National god of the Saxons

In Germanic mythology, Seaxnēat (pronounced /ang/) or Saxnôt was the national god of the Saxons. He is sometimes identified with either Tīwaz or Fraujaz (Old Norse Týr and Freyr).

==Attestations==
The Old English form Seaxnēat is recorded in the genealogies of the kings of Essex (as Seaxnēt, Saxnēat, Saxnat). Originally he was the first ancestor listed, with the first king of Essex, Æscwine, seven generations later. A later version of the genealogy, preserved in the 12th-century Chronicon ex chronicis, makes Seaxnēat a son of Wōden (Odin).

The Old Saxon form Saxnôt is attested in the renunciation portion of the Old Saxon Baptismal Vow along with the gods Uuôden (Odin) and Thunaer (Thor).

==Etymology==
The name is usually derived from seax, the eponymous long knife or short sword of the Saxons, and (ge)-not, (ge)-nēat as "companion" (cognate with German Genosse "comrade"), resulting in a translation of either "sword-companion" (gladii consors, ensifer) or "companion of the Saxons", which Jan de Vries further argued was the original name of the Saxons as a people. The suggestion that the second element means "need", cognate with the Anglo-Saxon verb nēotan, is less widely accepted.

==Analysis==
Wōden is the divine progenitor in the other surviving Anglo-Saxon royal genealogies, so presumably the earlier form of the Essex genealogy preserves a specifically Saxon tradition of a national god. Wōden may have displaced national or regional deities in the other genealogies as part of his rising influence, or use of his name by churchmen.

Since the Old Saxon Baptismal Vow lists three gods, usually interpreted as a Germanic divine triad, Jacob Grimm argued that Saxnôt must have been a major deity, comparable in stature to UUoden and Thunaer. In 1828, he proposed that Saxnôt was another name for Freyr (Old Saxon Froho), whose sword is prominently mentioned in the Eddic poem Skírnismál. In Deutsche Mythologie, he later made the same argument in favour of identifying Saxnôt with Týr ("who else but Zio or Eor or the Greek Ares?"), who in Norse mythology has the sword as his characteristic weapon until he loses his right hand as a pledge in the binding of Fenrir. Seaxnēat/Saxnôt was also identified with Týr by Ernst Alfred Philippson and de Vries. As pointed out by Gabriel Turville-Petre, Georges Dumézil's trifunctional hypothesis would suggest he is Freyr (as a representative of the third "function" alongside Odin, representing the first, and Thor, representing the second); for this reason Rudolf Simek identified him with Freyr.
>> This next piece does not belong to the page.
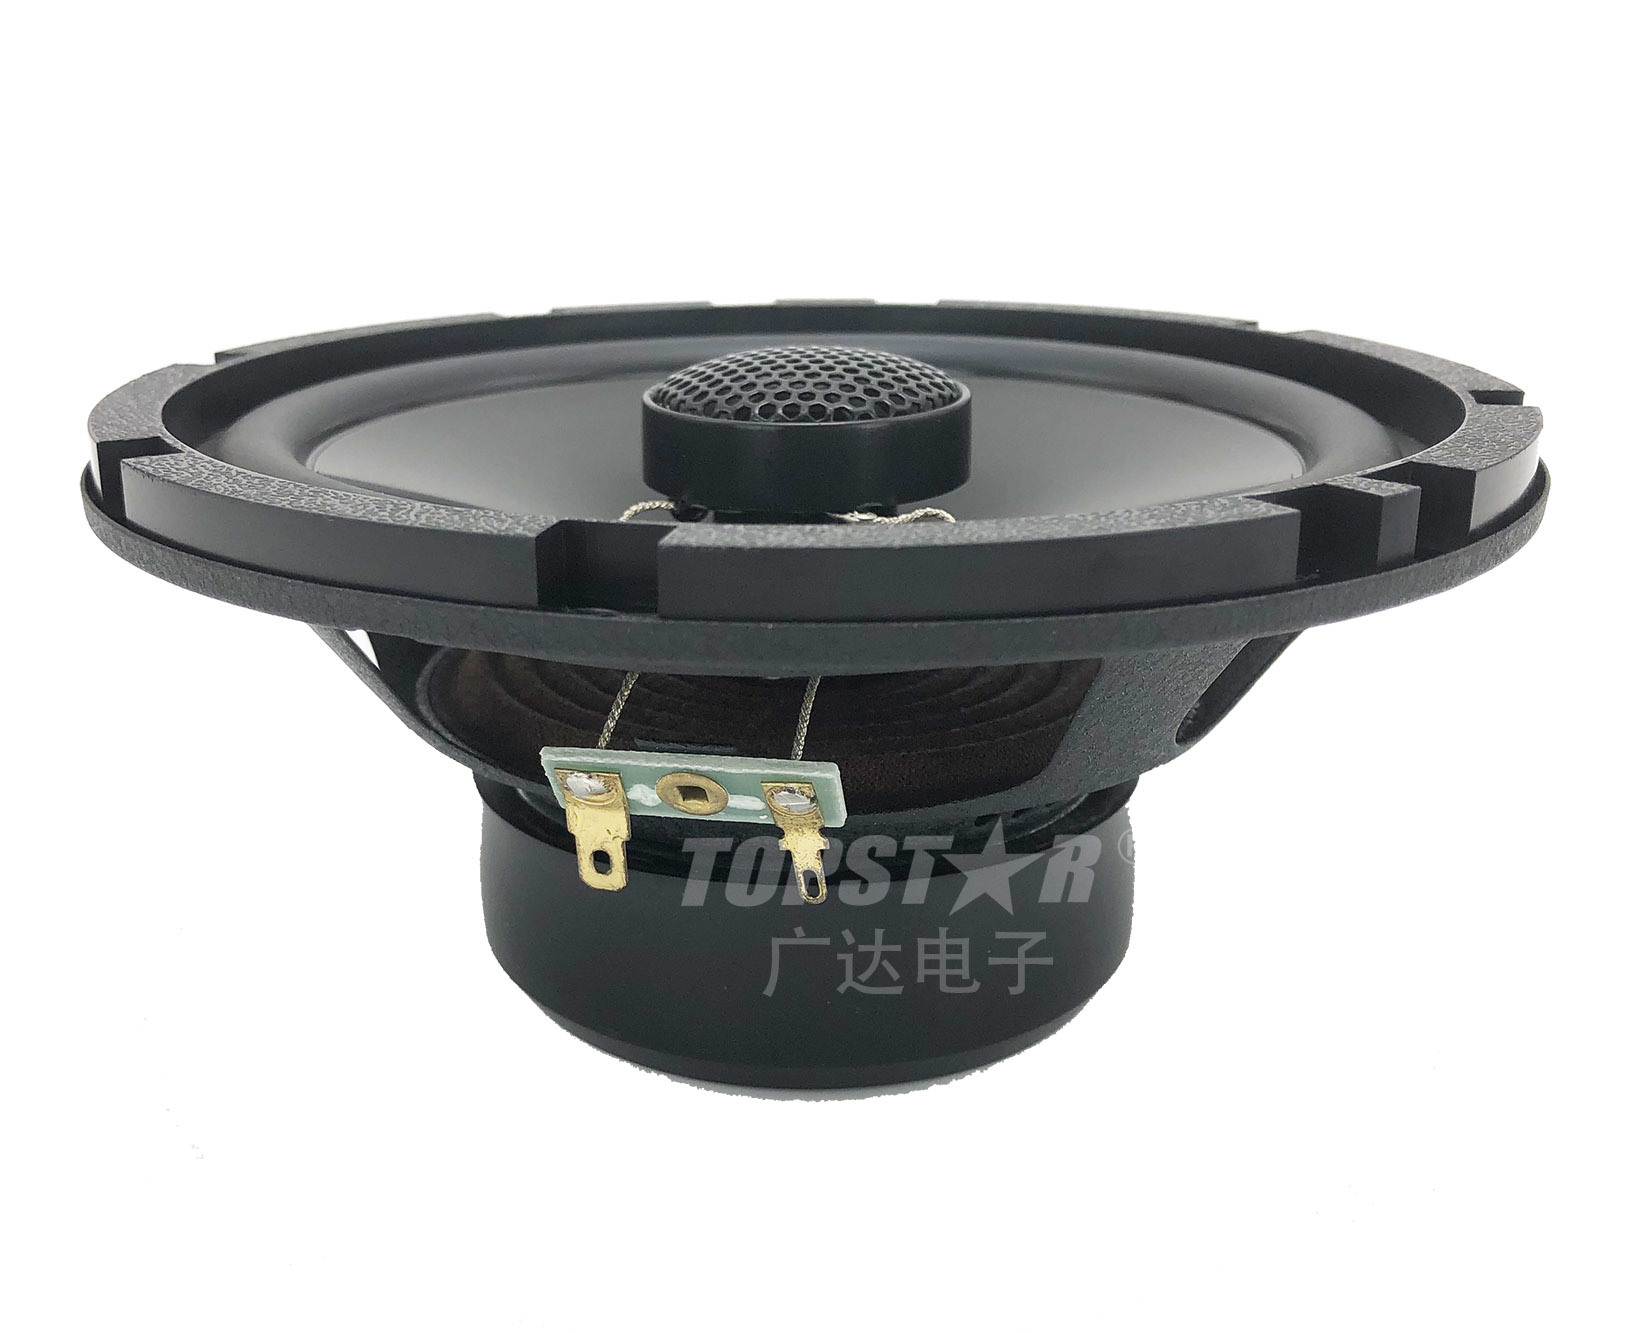 Premium Quality Car Speaker Hjg-3652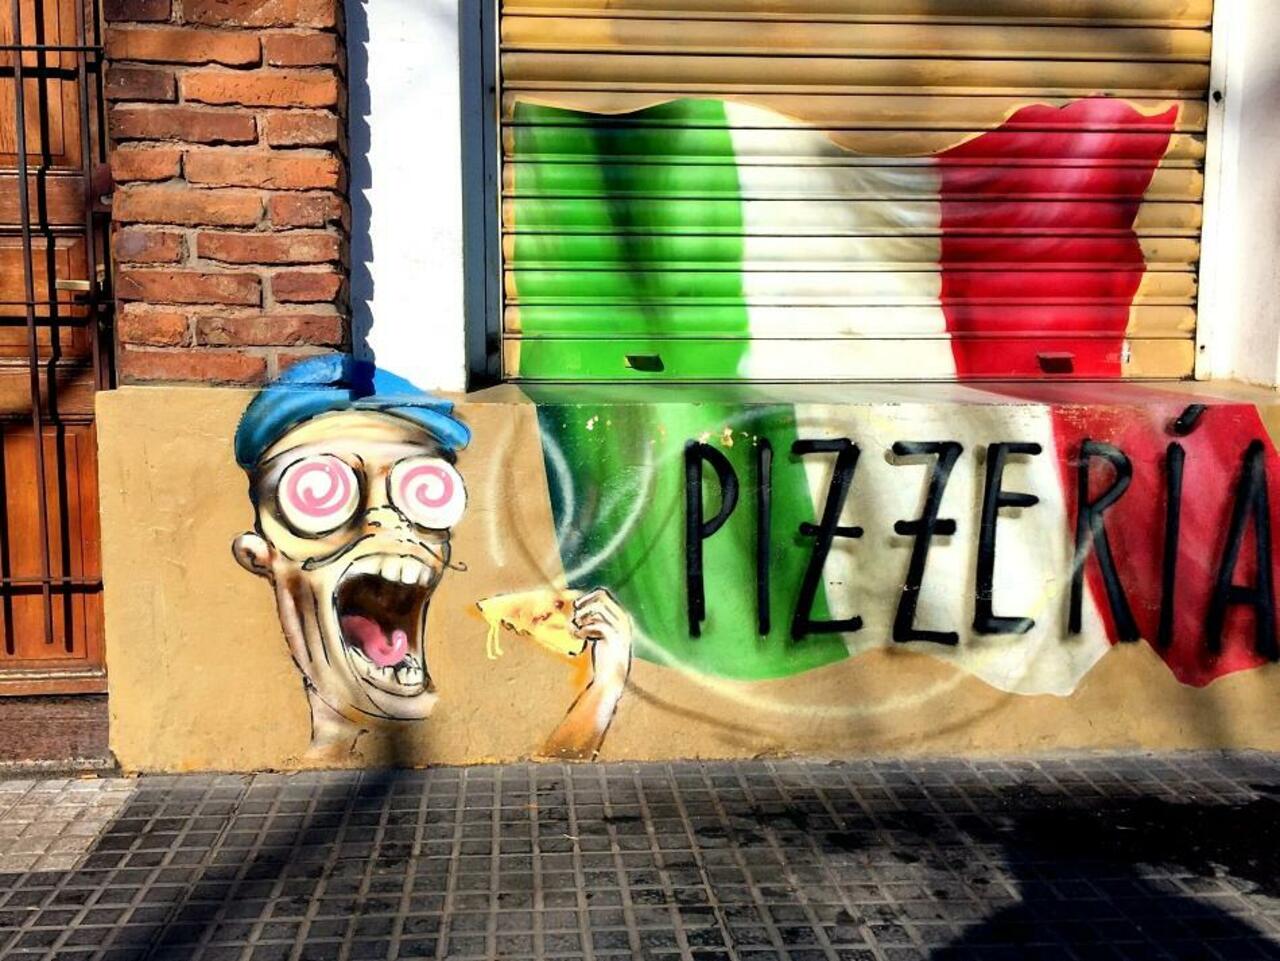 #Graffiti de hoy: << Muzzarella special pizza... >> calles 9y66 #LaPlata #Argentina #StreetArt #UrbanArt #ArteUrbano http://t.co/SRq52y9Fgx

Through the alternative etymology of the second element of his name, deriving it from a root meaning 'to get, make use of', Seaxnēat/Saxnôt has also been related to the British deity Nodens and the Irish deity Nuada, by Rudolf Much and more recently by Swiss linguist Heinrich Wagner, who sees parallels in Nuada's role in Irish mythology as progenitor, and his possession of a flashing sword.